By Chris Nadeau, PE, Director of Commercial Services
Abutters can kill your project – or at least cost you a boatload of time and money.
Here’s a secret – if you want your project to drag out and cost you more money, or even kill it, you should ignore your abutters. I have been to countless planning board public hearings where we hoped none of the abutters would show up or even convinced ourselves – how could anyone oppose such a great project?
Nothing makes a planning board more uncomfortable than having an abutter standing before them demanding that a project be rejected because of traffic, noise, devaluation of property, additional tax burdens, stormwater runoff. I could go on and on.
So, what can you do to prevent this? Make your worst enemy your advocate. Reach out to the abutter who you think is going to be your worst enemy and ask if they would like to meet ahead of time – at their kitchen table. See if they would like to invite some of the neighbors. You make them look like the hero of the neighborhood and you put them in full control while actually controlling the entire process yourself.
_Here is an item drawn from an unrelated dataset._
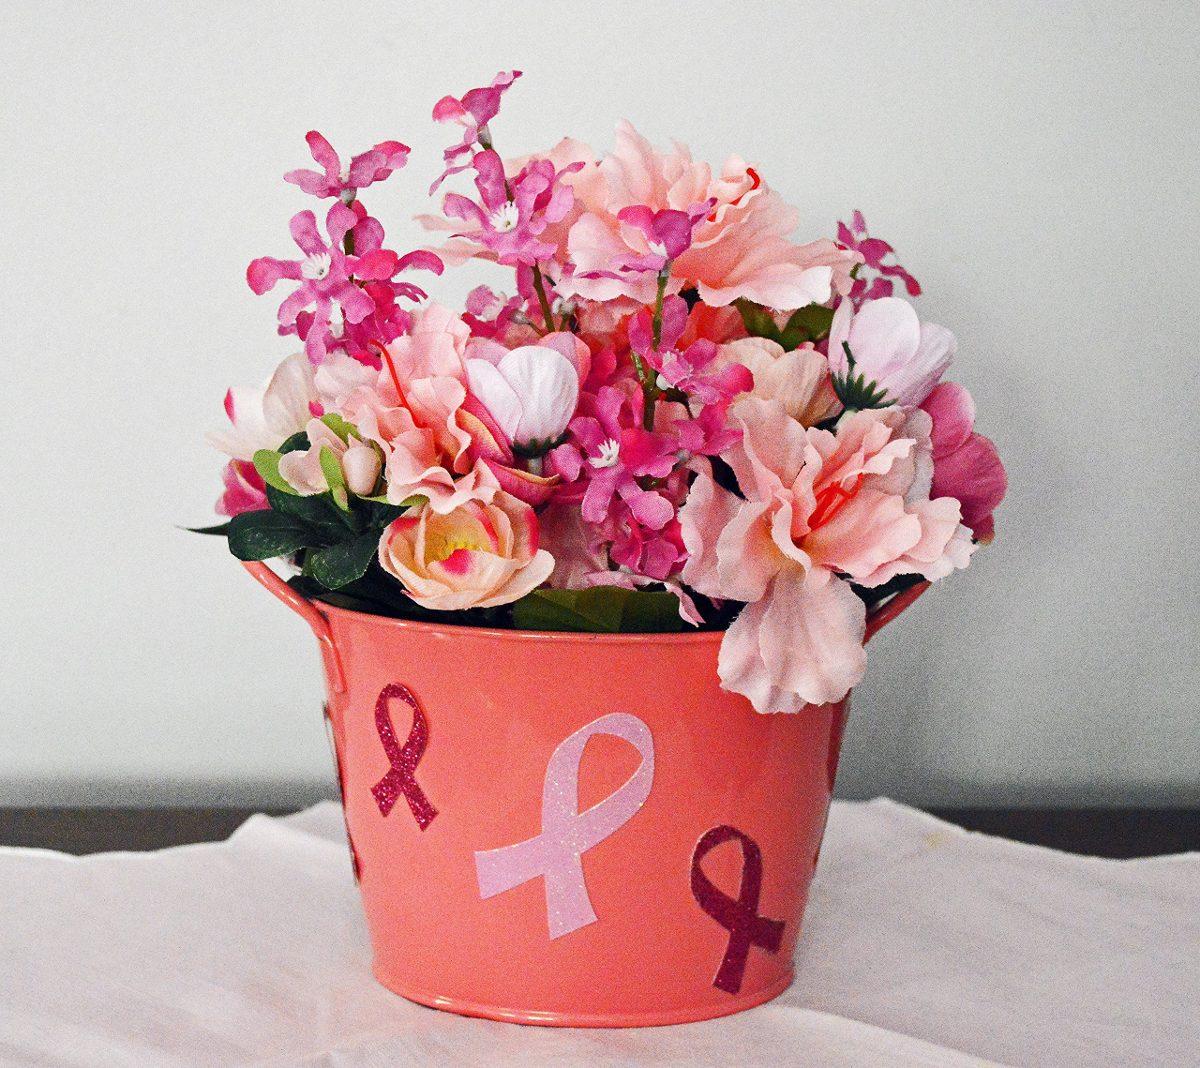 Regalo De Cáncer De Mama Arreglo Floral Decoración De La Me

A meeting with your abutters adds a personal scale to your project – after all, you are a human being, trying to make a living just like them. You can answer questions, alleviate fears, and quell rumors and mistruths before you get to a public meeting. A possible added bonus – you may even find an advocate for your project. Advocates rarely show up at a public hearing.
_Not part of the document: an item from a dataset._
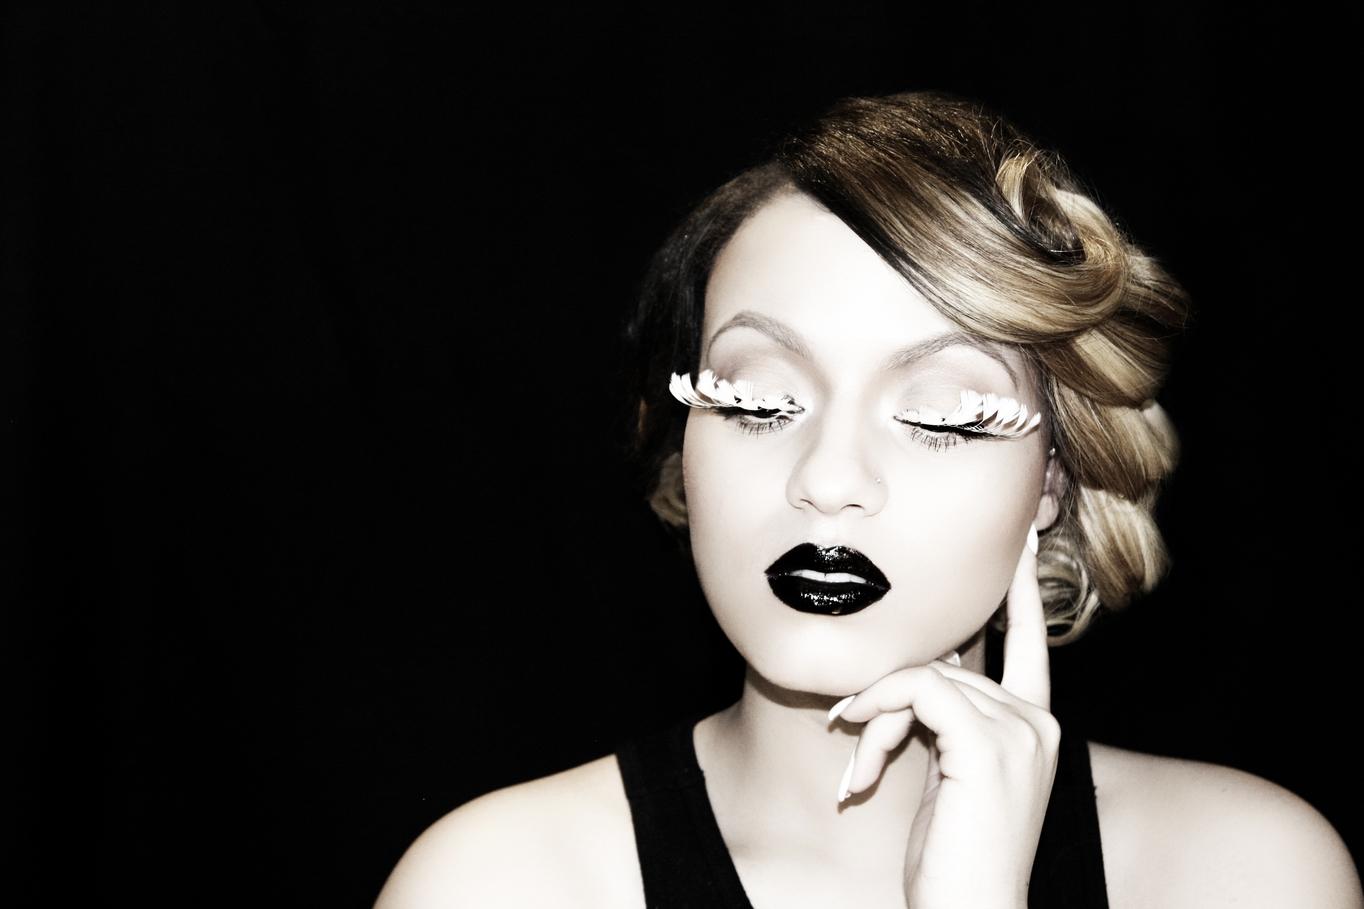 Print Photoshoot | Editorial Makeup Artist | Tymia Yvette

Even if your abutters refuse to meet with you, at least you can tell the Planning Board that you tried to facilitate a meeting, but nobody was interested.
Nine times out of ten, once you get to the Public Hearing, the abutter comments will be avoided, or at least minimized and will make it a lot easier for the Board to approve your application. Just remember, nobody likes change, but if you can prepare for change ahead of time, it makes it a lot easier.
I own a small summer cottage in a rural Maine Town abutting an undeveloped commercial lot in a wide-open field. I purchased the property knowing full well that it would eventually get developed by a commercial business. When I received an abutter’s notice last fall for an application to develop the property, I immediately went to the Town Hall to look at the application. I was outraged and emotional about what I saw. I promptly wrote a two page summary of what was wrong with the project and what needed to be done to make it right.
Now I’ve pitched hundreds of projects before Planning Boards and I know very well how it feels to be on the wrong end of an angry abutter. After reading through my letter, I tempered the letter a bit more, to sound a little more sympathetic. The Board eventually approved the project, with many of the conditions that I had outlined in my letter.
Two weeks after the Planning Board meeting, I saw the business owner out cutting his grass and we began chatting. After I found out that he was actually a human being, not a money hungry corporate developer, I felt a little guilty. I sympathized with his position as a new business owner trying to make a living to support his family. We came up with several ideas to help him satisfy the conditions of his approval and get the business open.
Imagine if we had met before the public hearing?